» GIVEN INFORMATION
◇ ◇ ◇ ◇ ◇ ◇ ◇
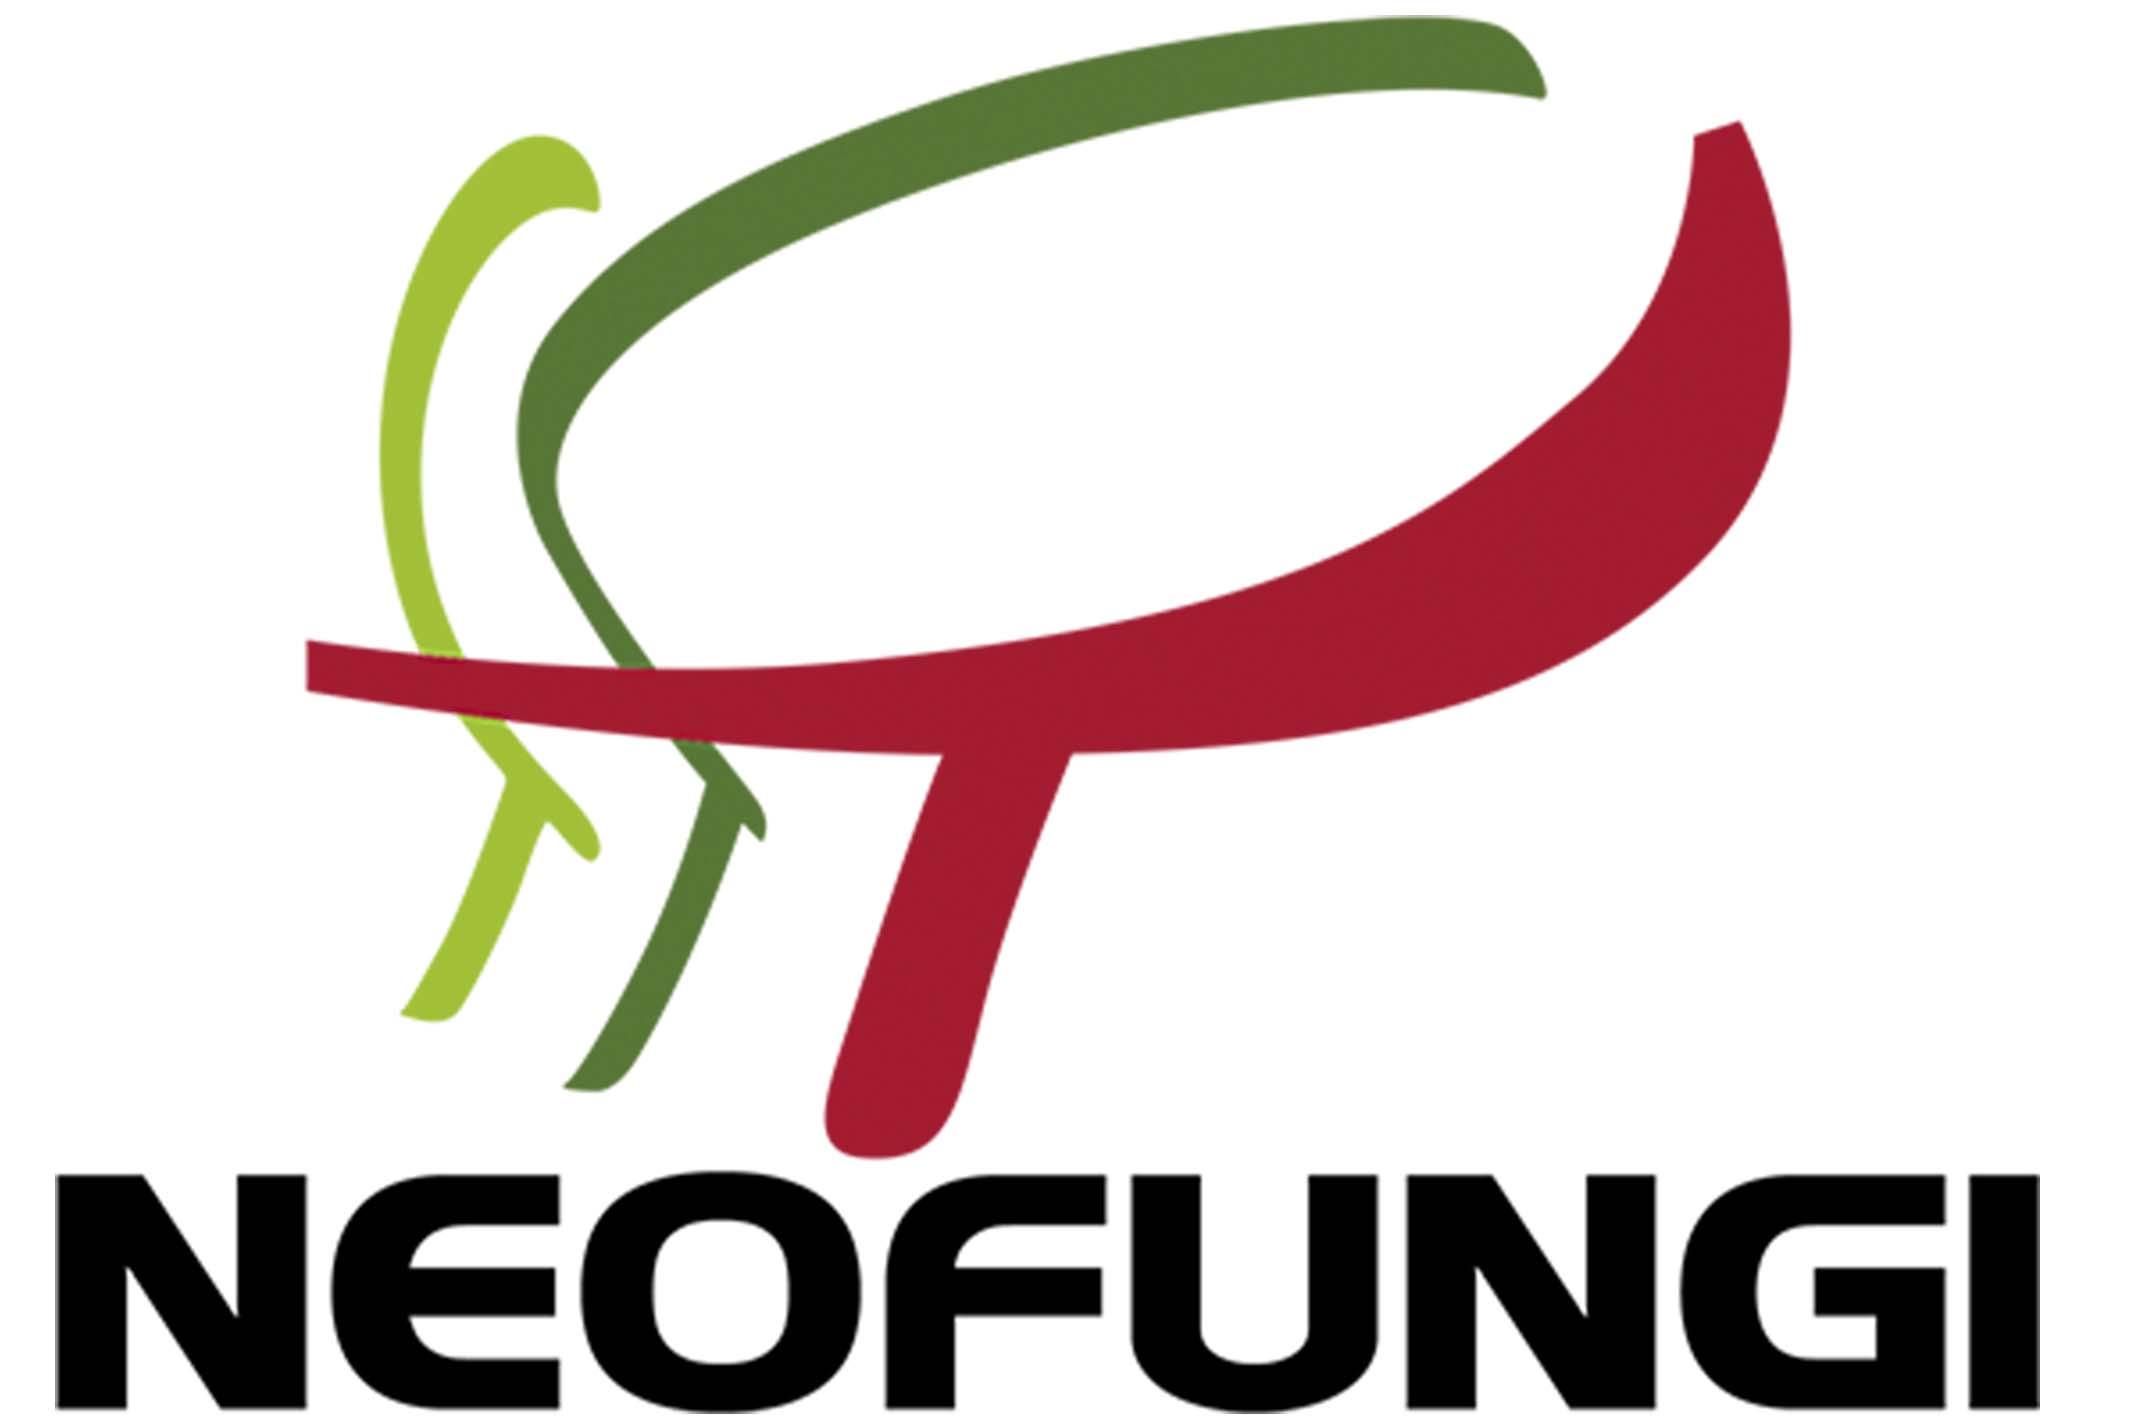 Neofungi
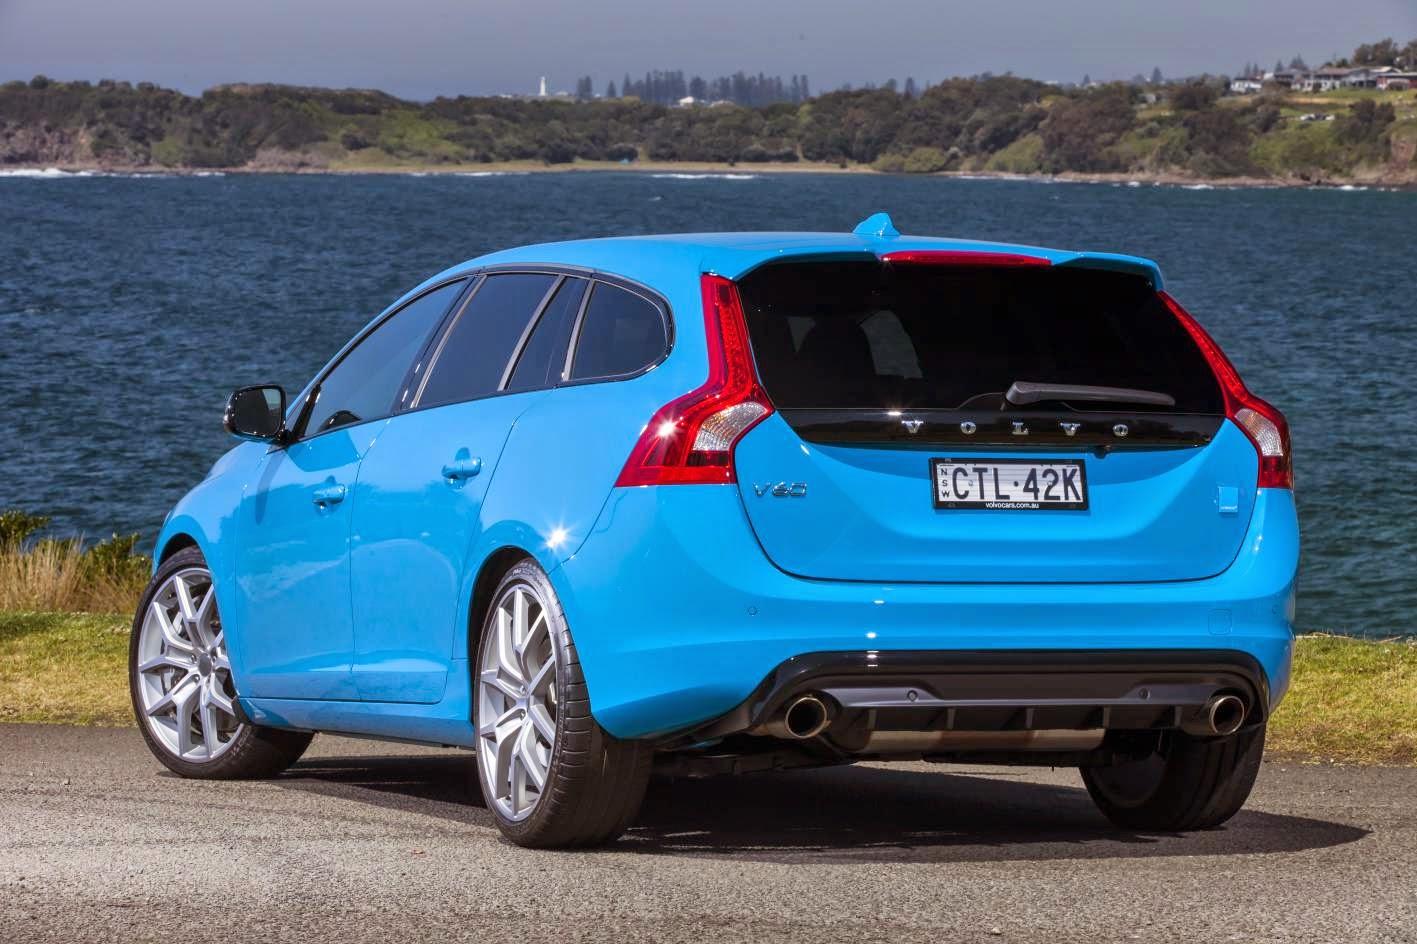 The Volvo V60 Polestar I will have on test
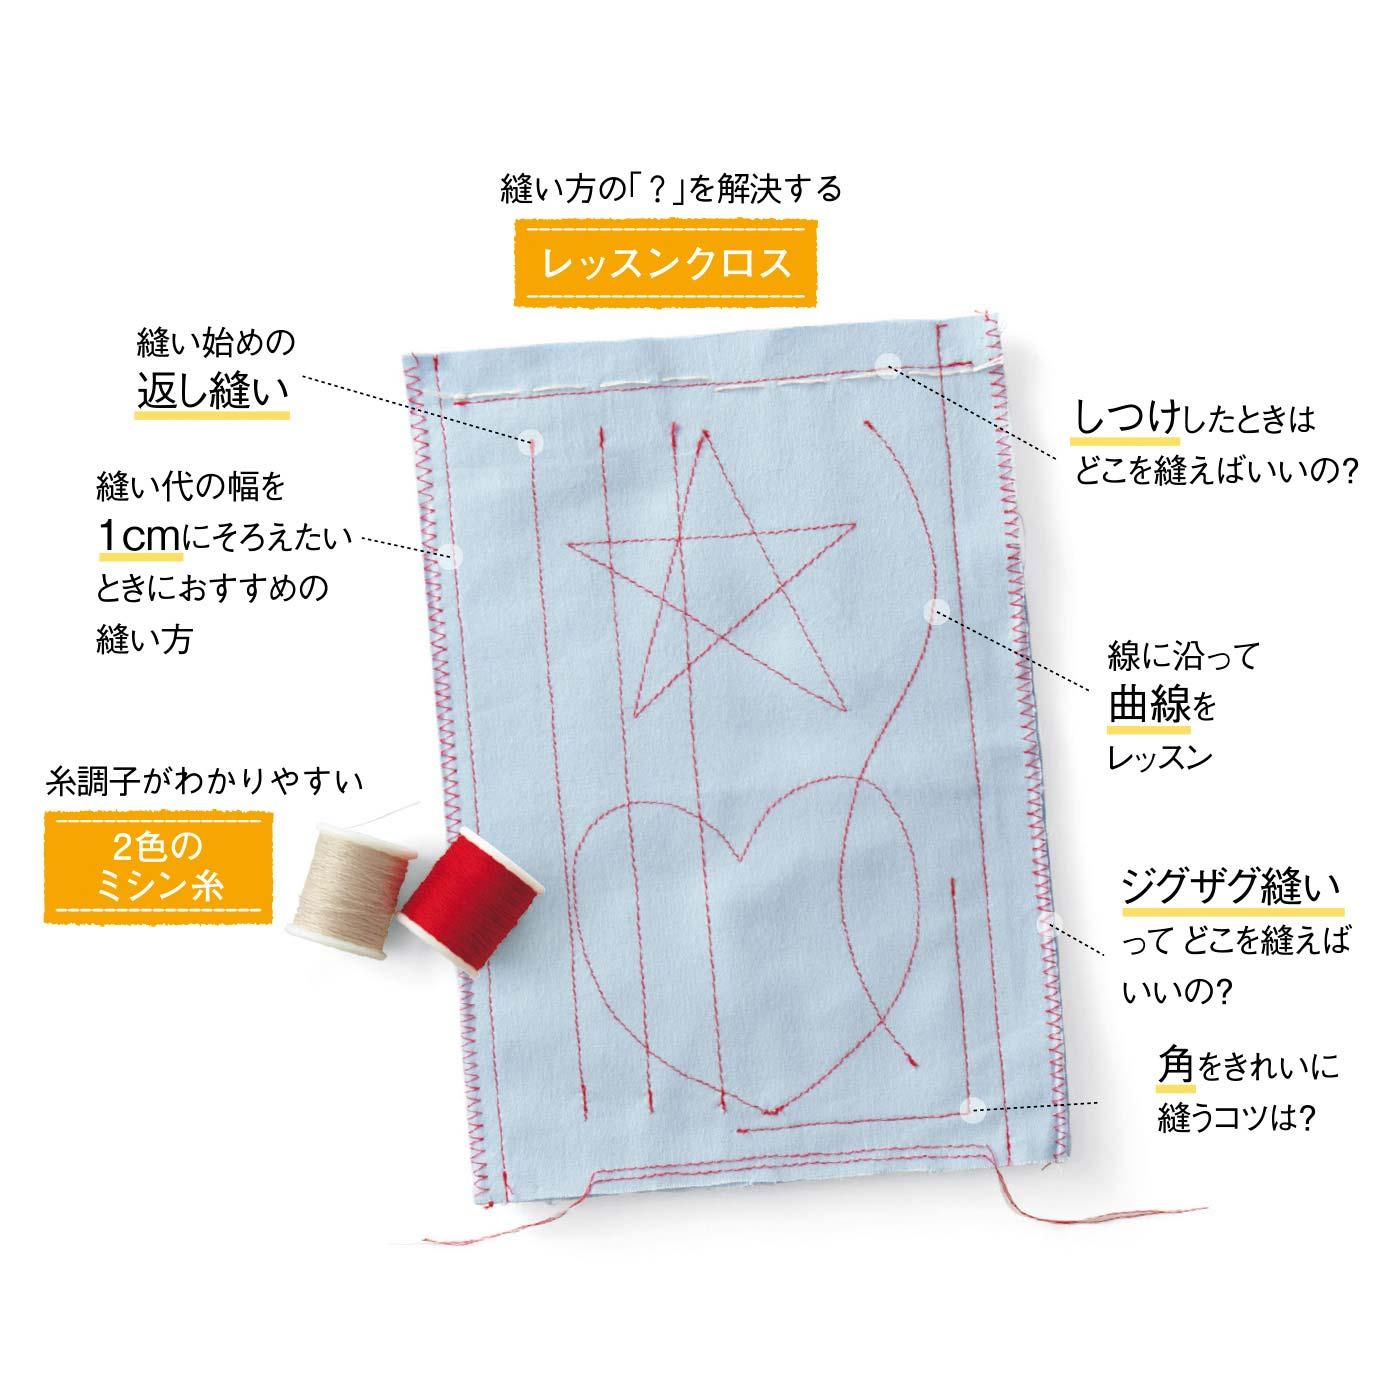 最初のお届けにはレッスンクロスと2色のミシン糸もセットに。
◇ ◇ ◇ ◇ ◇ ◇ ◇
» YOUR GOAL
Exclude every image and return the material above exactly.

» ANSWER TO THIS EXERCISE
 Neofungi
 The Volvo V60 Polestar I will have on test
 最初のお届けにはレッスンクロスと2色のミシン糸もセットに。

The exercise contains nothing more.